For all the talk about personalized medicine, there’s one ingredient we can all agree is absolutely essential before that can happen: lots and lots of sequence data. But at the current cost of sequencing genomes — just producing a high-quality draft of a mammalian genome costs $25 million, according to the National Human Genome Research Institute — it’s clear it’ll take a long time and a lot of money to accumulate the information required for doctors to prescribe treatments based on an individual’s unique genetic profile.
For all the hoopla over the past few years, most people already know that the current Holy Grail is to be able to sequence genomes for $1,000 apiece, and many groups are hard at work on this. At that cost, researchers and grant adminstrators agree, not only would it be possible to sequence the genomes of many — practically all — organisms useful for comparative studies, but one could also entertain the idea of sequencing the genome of every average Joe Patient, in theory a very useful step toward disease prevention and treatment.
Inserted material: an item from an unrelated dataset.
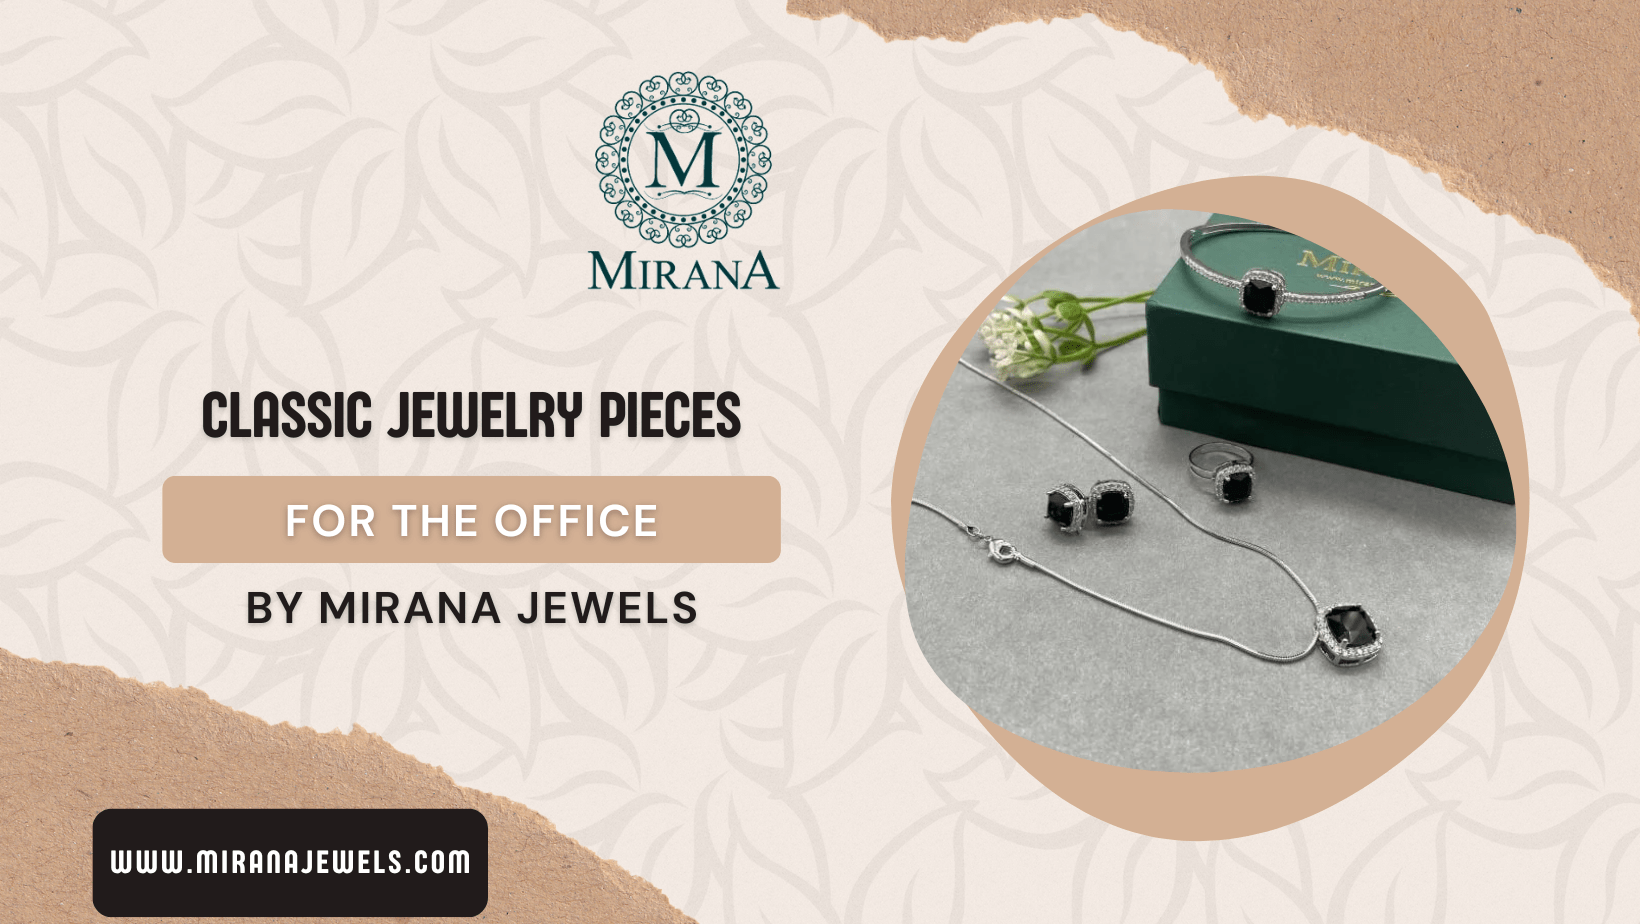 Classic Jewelry Pieces for the Office By Mirana Jewels

To reduce the cost of sequencing a genome by five orders of magnitude, even if it takes 10 years, it’s no secret that researchers will have to develop entirely new technologies. There are many ways to increase the efficiency of current approaches, which rely primarily on capillary electrophoresis, but most researchers agree that these alone will bring us nowhere near a $1,000 genome. “As long as you need reagents [to determine the sequence], you’re still at best in the $10,000 to $100,000 range,” says Jeff Schloss, a program director in technology development for NHGRI.
A few startup companies are trying their hardest to develop new ways to sidestep that obstacle, and in the past year, several have made strides toward bringing their technology to bear on large-scale sequencing. This wave of new approaches to sequencing falls into three general categories: single-molecule, amplified molecule, and possibly, nanopore systems (see sidebar, p. 25).
The Fine Print
First it helps to know exactly what people mean by sequencing a genome for $1,000. Does that mean the genome of an organism never sequenced before — what’s known as de novo sequencing — or sequencing the genome of another member of a species for which we already have a reference sequence, a task called resequencing? The difference is fairly significant in terms of the final cost, given that assembling the individual reads into a coherent sequence is one of the most labor-intensive (and therefore expensive) components of sequencing using current techniques. It should suffice to say that accomplishing the relatively easier task of resequencing a genome for $1,000 will still be a fairly significant accomplishment.
There’s also the issue of defining a common standard of sequence quality or level of completion to use as a basis for comparing costs. NHGRI, which is administering a research program to develop new sequencing technology for eventually reducing the cost of sequencing a genome to $1,000, stipulates that such a sequence would have to be at least as comprehensive as that of the mouse genome published in Nature in 2002. In that case, the mouse genome was sequenced to 7.7-fold coverage, at a total cost of about $50 million, according to the NHGRI program announcement.
To be fair, no one’s arguing that capillary-based techniques, like those used as the basis for the Applied Biosystems 3700 series and the Amersham Biosciences MegaBace systems, will disappear any time soon. “Today, capillary electrophoresis is the most accurate, reliable, and cost-effective sequencing technology, and will be for several years,” says Philippe Nore, senior director of strategic business planning for the sequencing group at Applied Biosystems. “The $1,000 genome is not for tomorrow.”
Day After Tomorrow?
But it is coming. One of the most advanced efforts to commercialize a radical new form of sequencing technology is underway at 454 Life Sciences, a Branford, Conn.-based subsidiary of CuraGen that was spun off in 2000. The company’s approach, which falls into the amplified-molecule category, employs beads that attach to individual strands of DNA, and a “PicoTiter plate” with hundreds of thousands of wells, with one bead assigned to each well. To initially amplify genomic sequence, individual PCR reactions are performed in each well of the plate. 454 researchers then determine the sequence of each DNA strand via a cyclical sequencing-by-synthesis technique that relies on a modified form of pyrosequencing — essentially using the polymerase-driven release of pyrophosphate to determine if a particular base has hybridized to the DNA in a given well.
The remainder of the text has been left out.